PROBLEM DETAILS>
Your reply should consist only of the lines from the one holding "Federal Slim Straight" to the last line of the data below, written out exactly and without pictures.

DATA SECTION>
—————
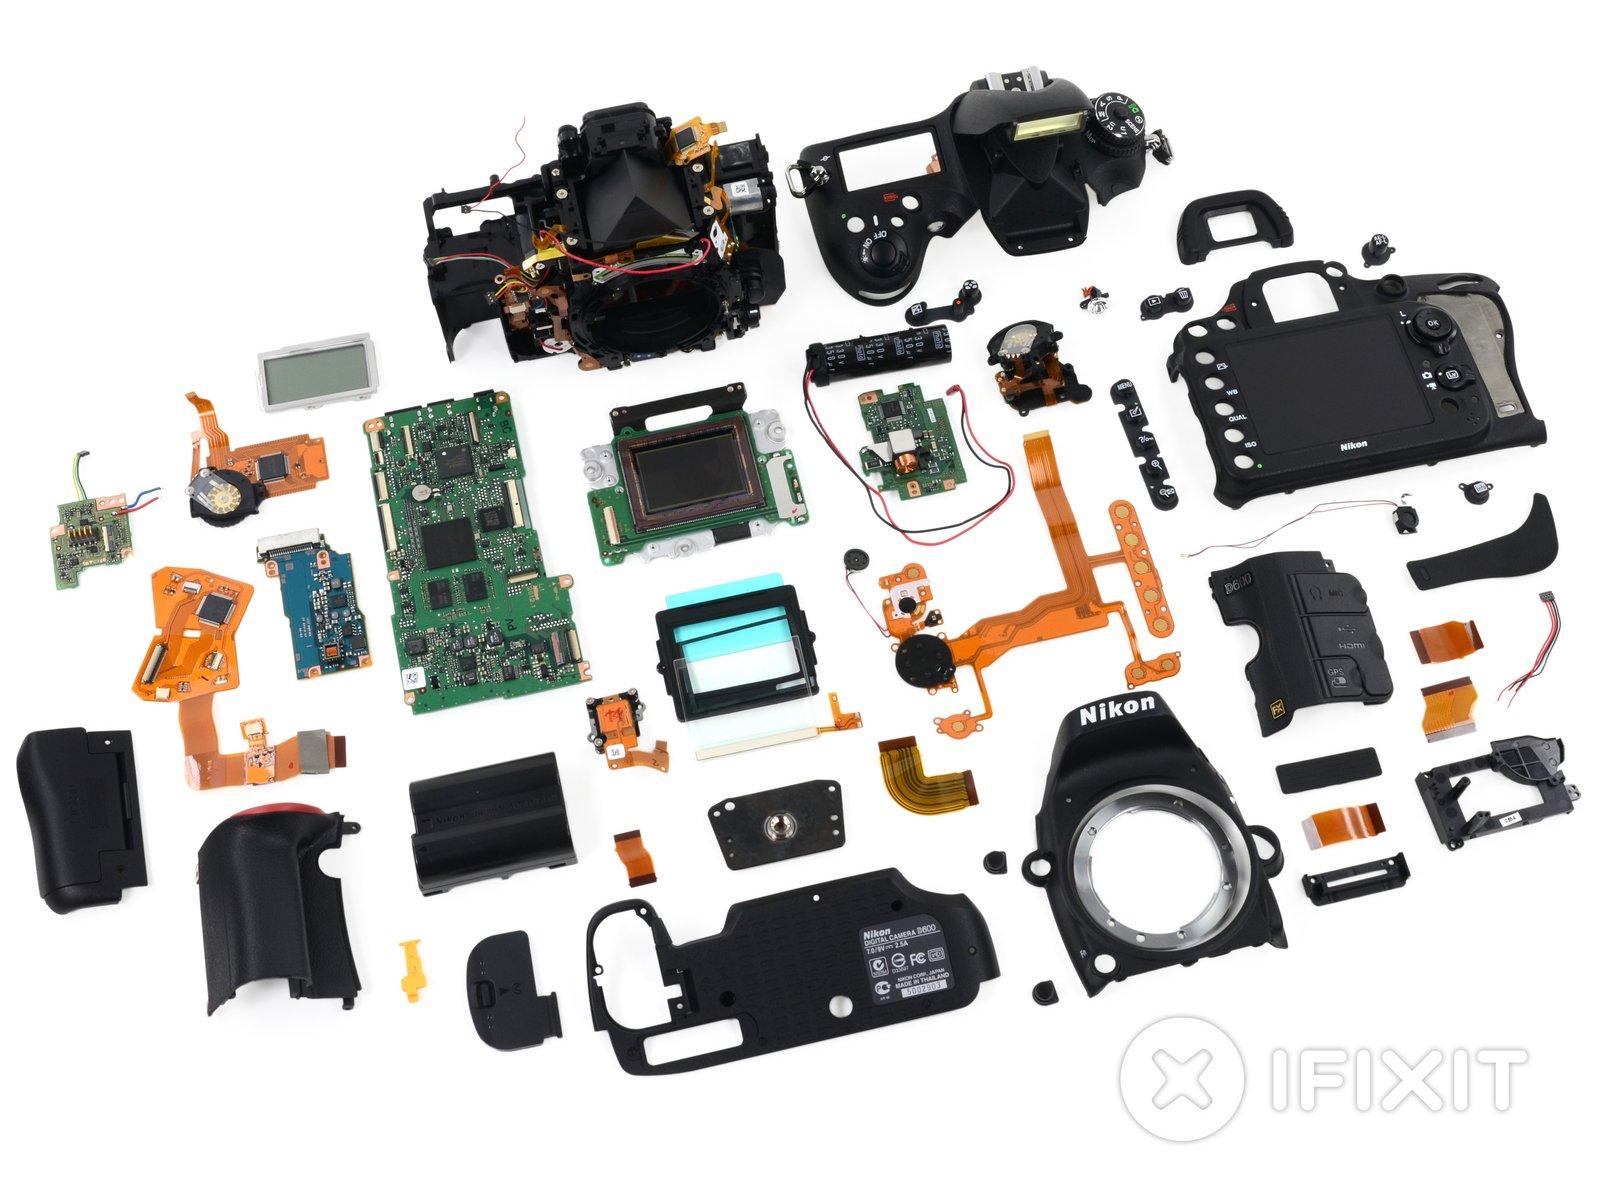 nikon d600 teardown ifixit rh nl ifixit com Nikon D600 vs Canon 6D Nikon D600 and D700
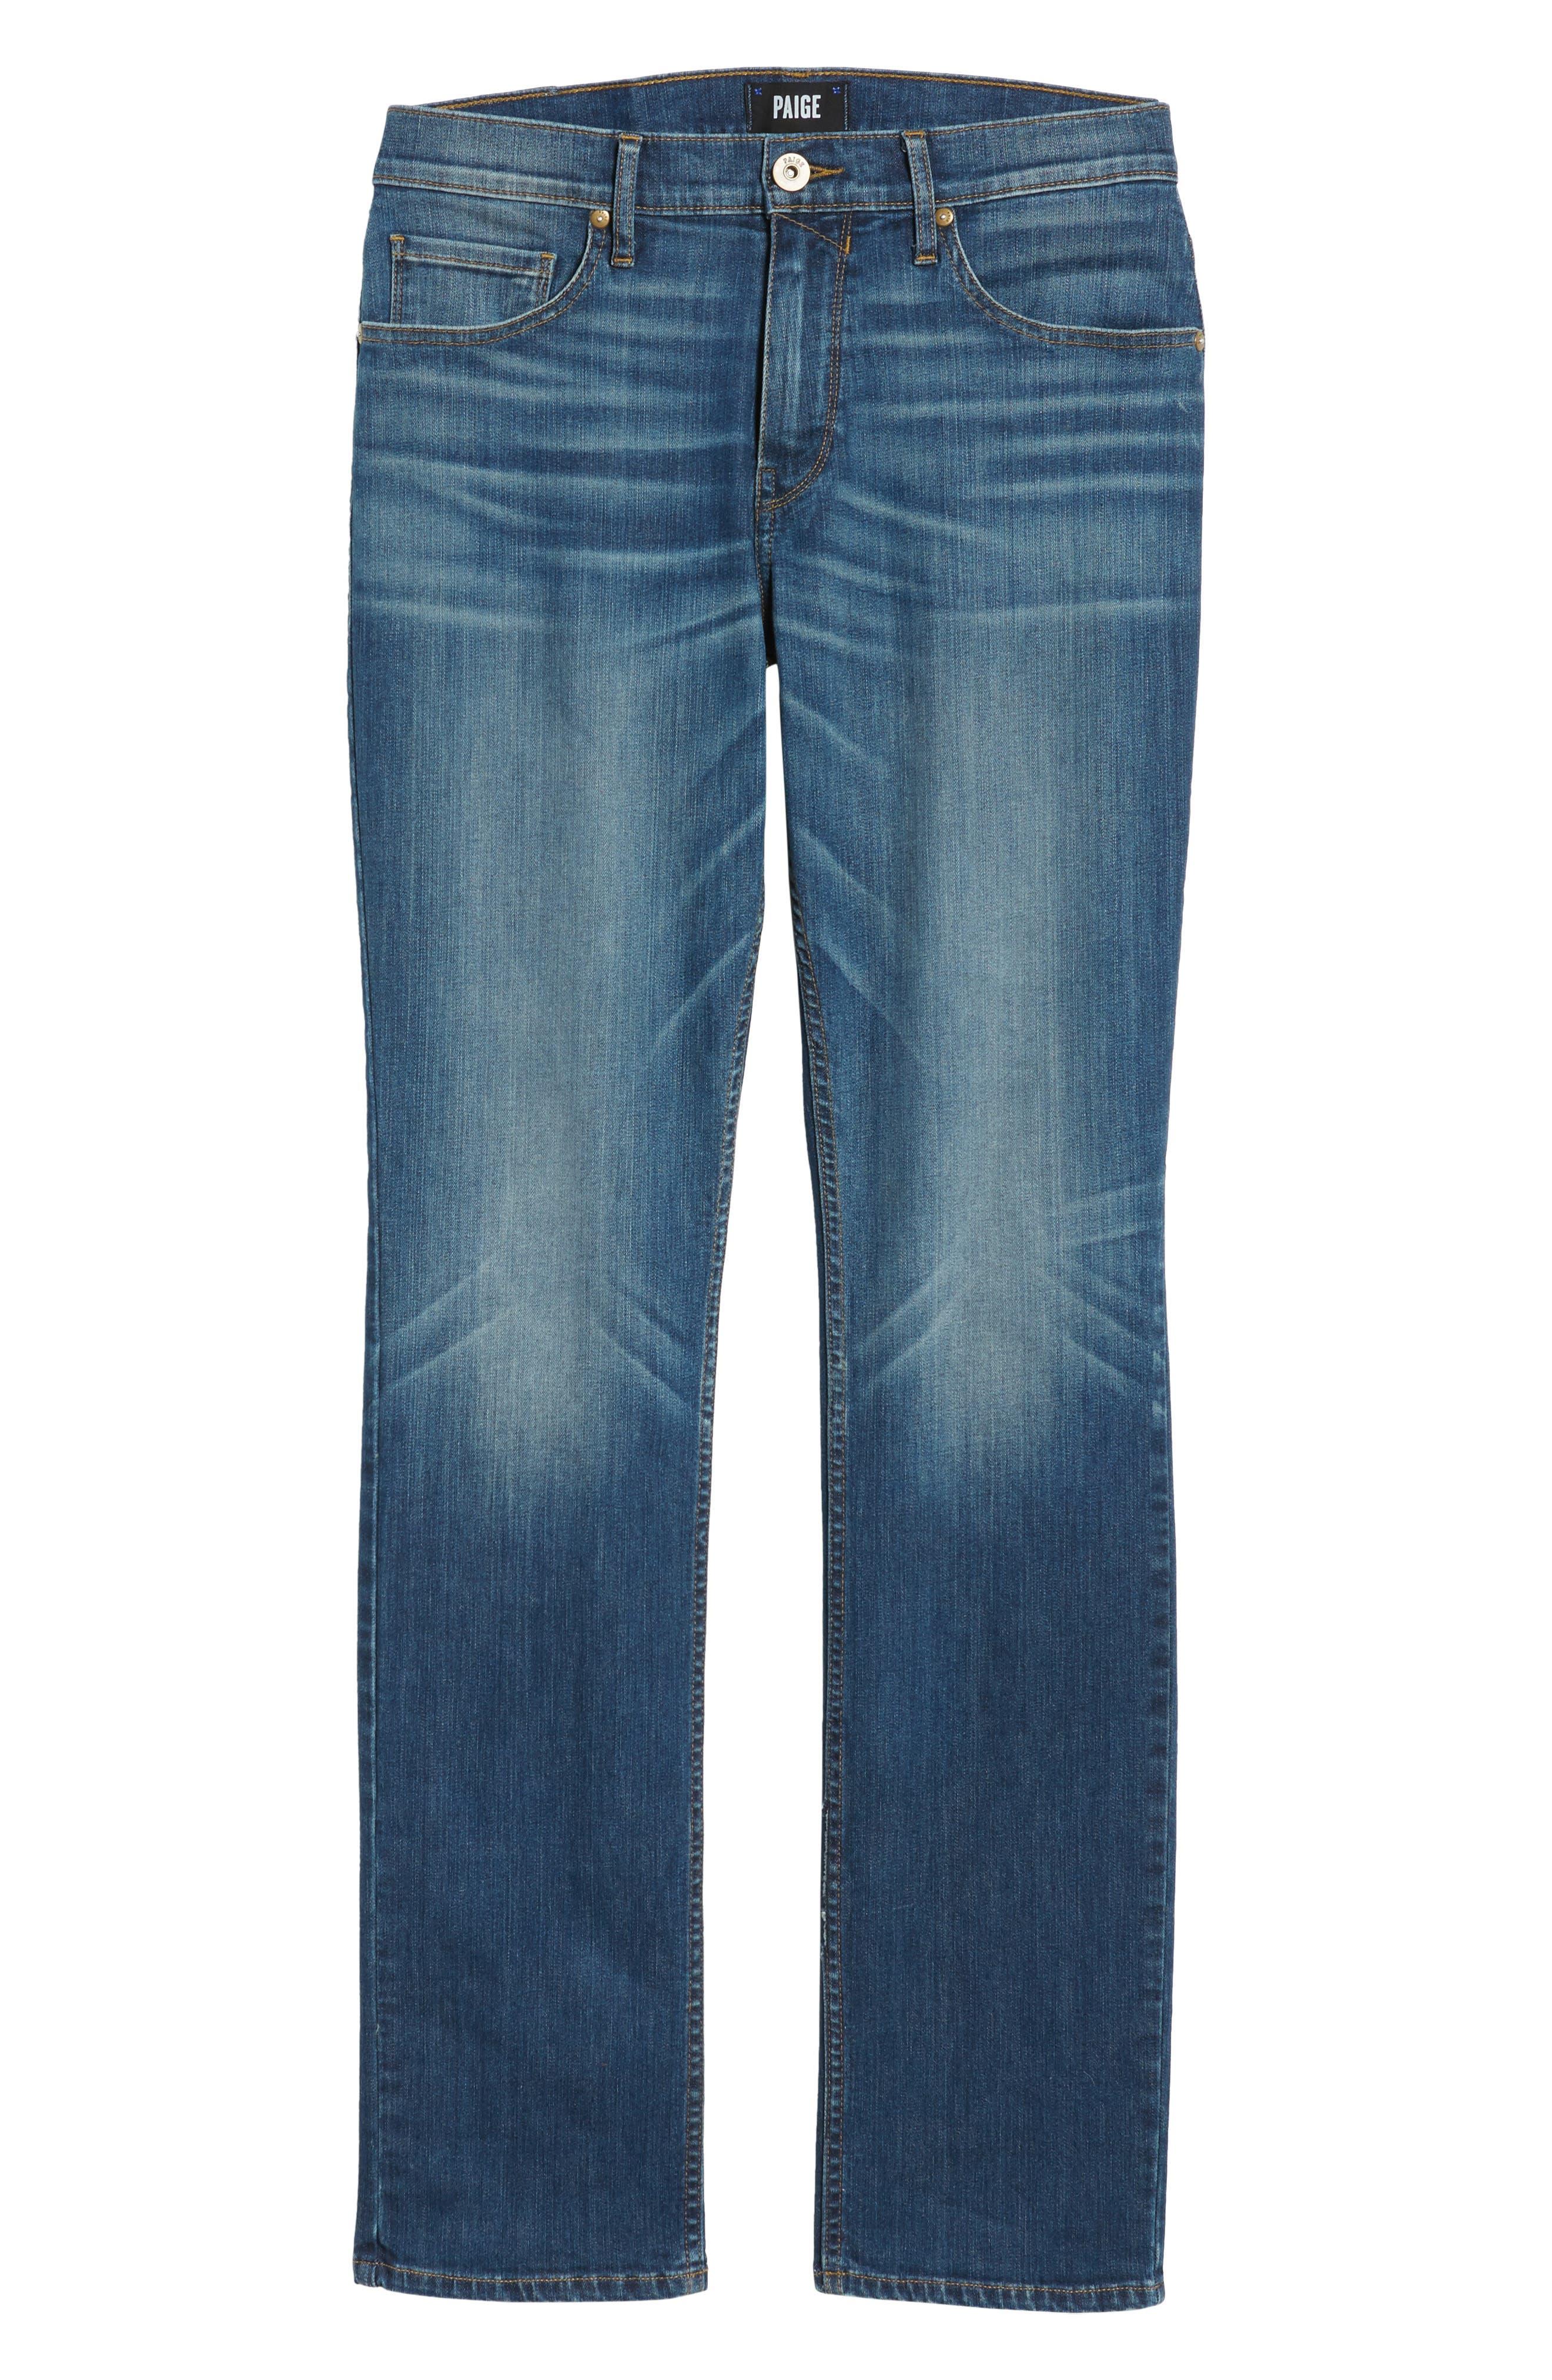 Federal Slim Straight Leg Jeans,                             Alternate thumbnail 6, color,                             Harlan
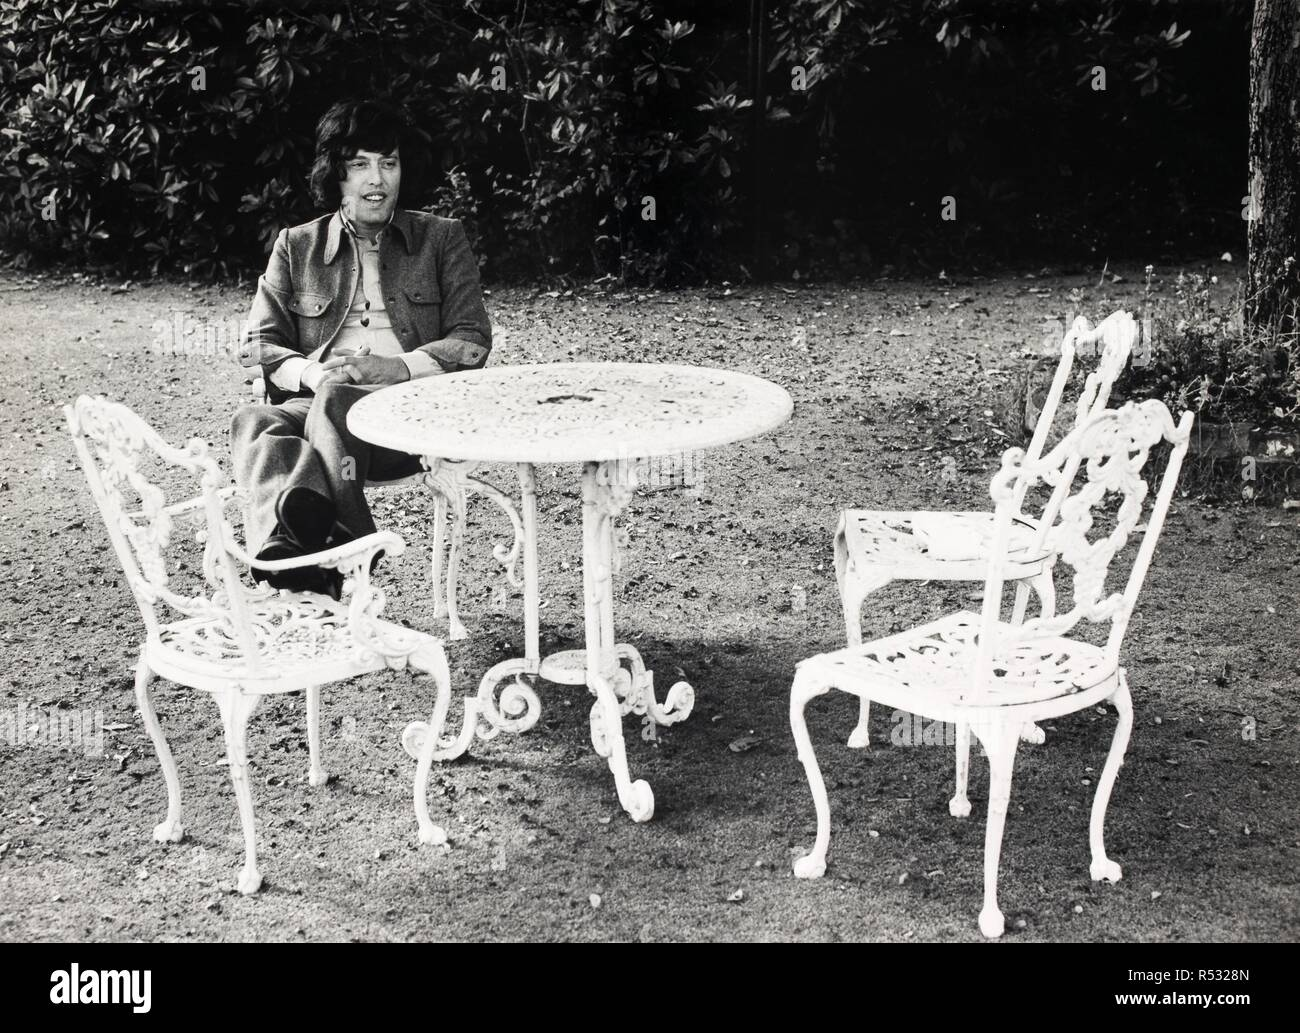 Tom Stoppard. Monochrome. Source: FG2101-6-27. - Stock Image
—————
EXERCISE OUTPUT>
 Federal Slim Straight Leg Jeans,                             Alternate thumbnail 6, color,                             Harlan
 Tom Stoppard. Monochrome. Source: FG2101-6-27. - Stock Image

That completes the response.